Deep Learning for Medical Image Analysis

Presenter

Prof. Çiğdem Gündüz Demir

Çiğdem Gündüz Demir received her B.S. and M.S. degrees in computer engineering from Boğaziçi University in 1999 and 2001, respectively, and her Ph.D. degree in computer science from Rensselaer Polytechnic Institute in 2005. She is currently a Professor of Computer Engineering and the Deputy Director of the KUIS AI Center at Koç University. Before joining Koç University, she was working as a faculty member at the Computer Engineering Department at Bilkent University. She was a visiting professor at Nanyang Technological University NTU, Singapore, in Fall 2009, and Stanford University in Spring 2013. Her main research interests and projects include development of new computational methods based on deep learning and computer vision for medical image analysis.

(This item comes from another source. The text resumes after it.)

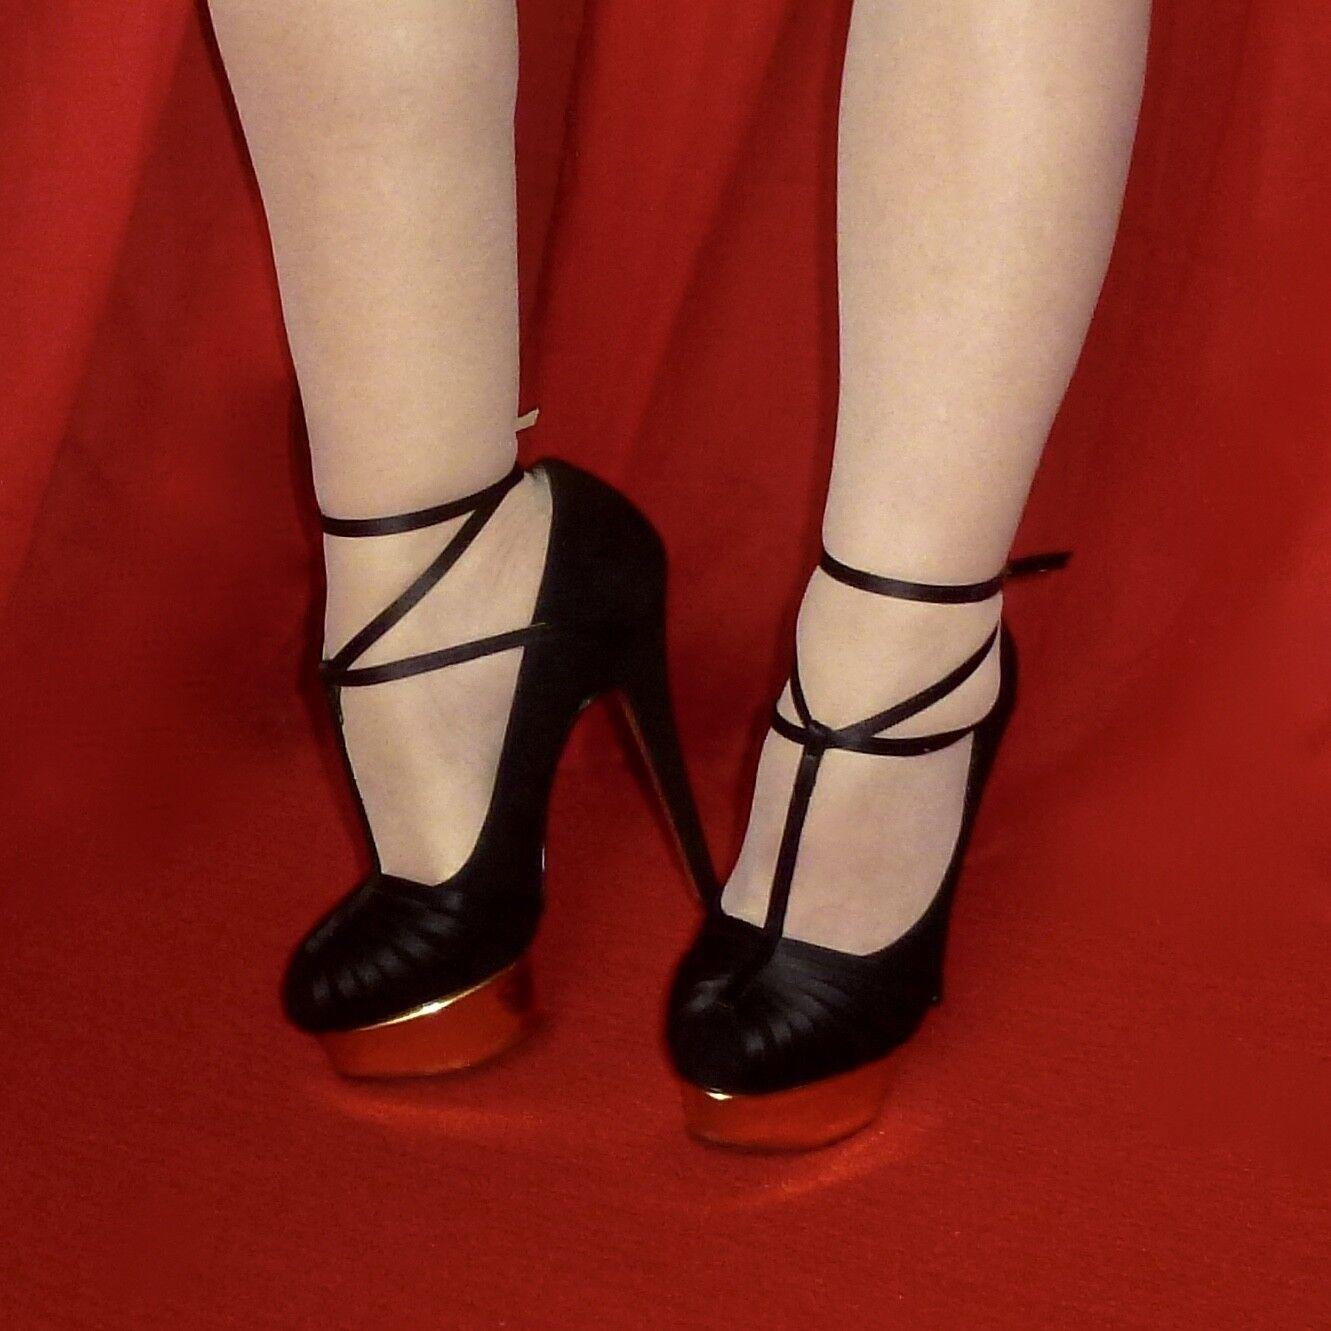 875 Charlotte Olympia Dolly en Satin Noir Noir Noir or Plateforme Cheville T Sangle 37 6.5 Rare 49d413
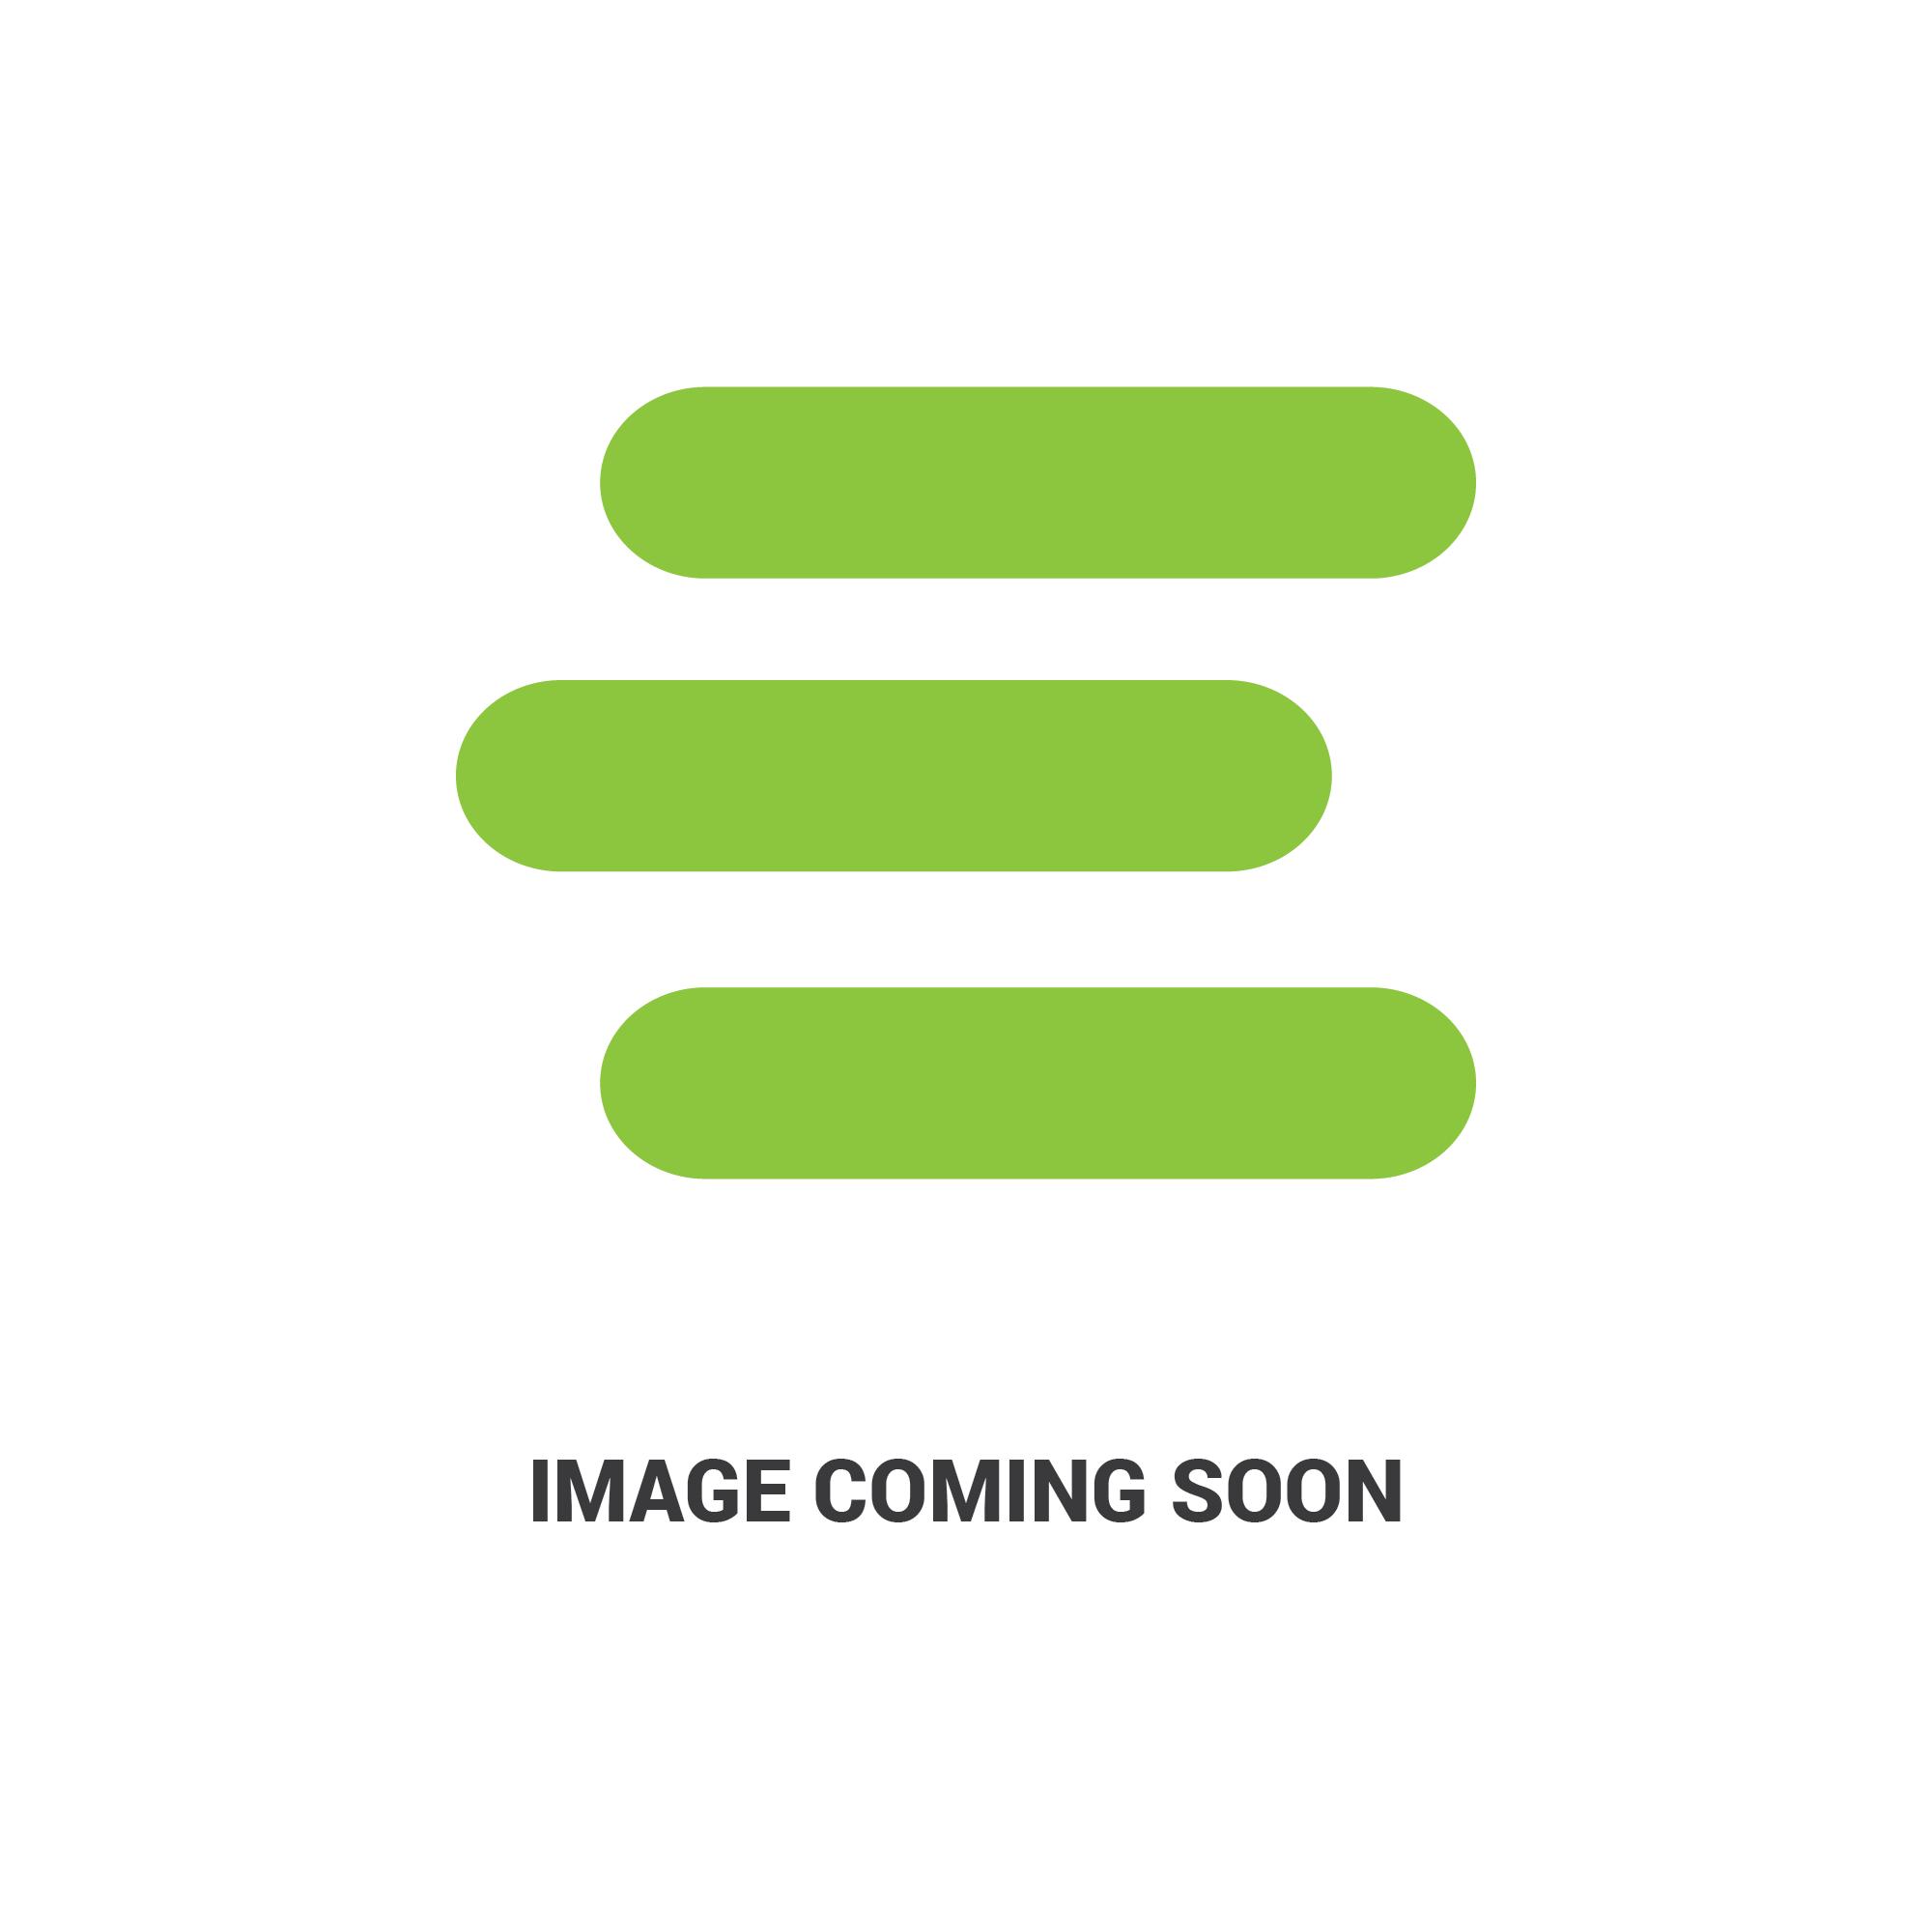 E-SJ327692289_1 .jpg

Currently, her research group works on the interdisciplinary projects in collaborations with the Departments of Pathology and Biology for the microscopic analysis of histopathological images and in vitro fluorescence and live cell images and with the Departments of Ophthalmology and Radiology for the analysis of images acquired with in vivo imaging of CT, MR, and OCT. She was a recipient of Distinguished Young Scientist of the Turkish Academy of Sciences and CAREER Award of the National Scientific and Technological Research Council of Turkey.

Abstract

Automated imaging systems are becoming important tools for medicine and biology research as they facilitate rapid analyses with better reproducibility. Segmenting regions of interest on a medical image is typically the first but one of the foremost steps of these systems, which greatly affects the success of the entire analysis. In this talk, I will briefly mention the main challenges associated with segmentation tasks in medical image analysis, and then present examples of the dense prediction networks that my research group designed and implemented to address these challenges. Particularly, I will talk about our proposed network architectures and loss functions that were specifically designed to facilitate better training of the segmentation networks. At the end, I will discuss future research possibilities towards the direction of developing more robust segmentation networks for medical image analysis.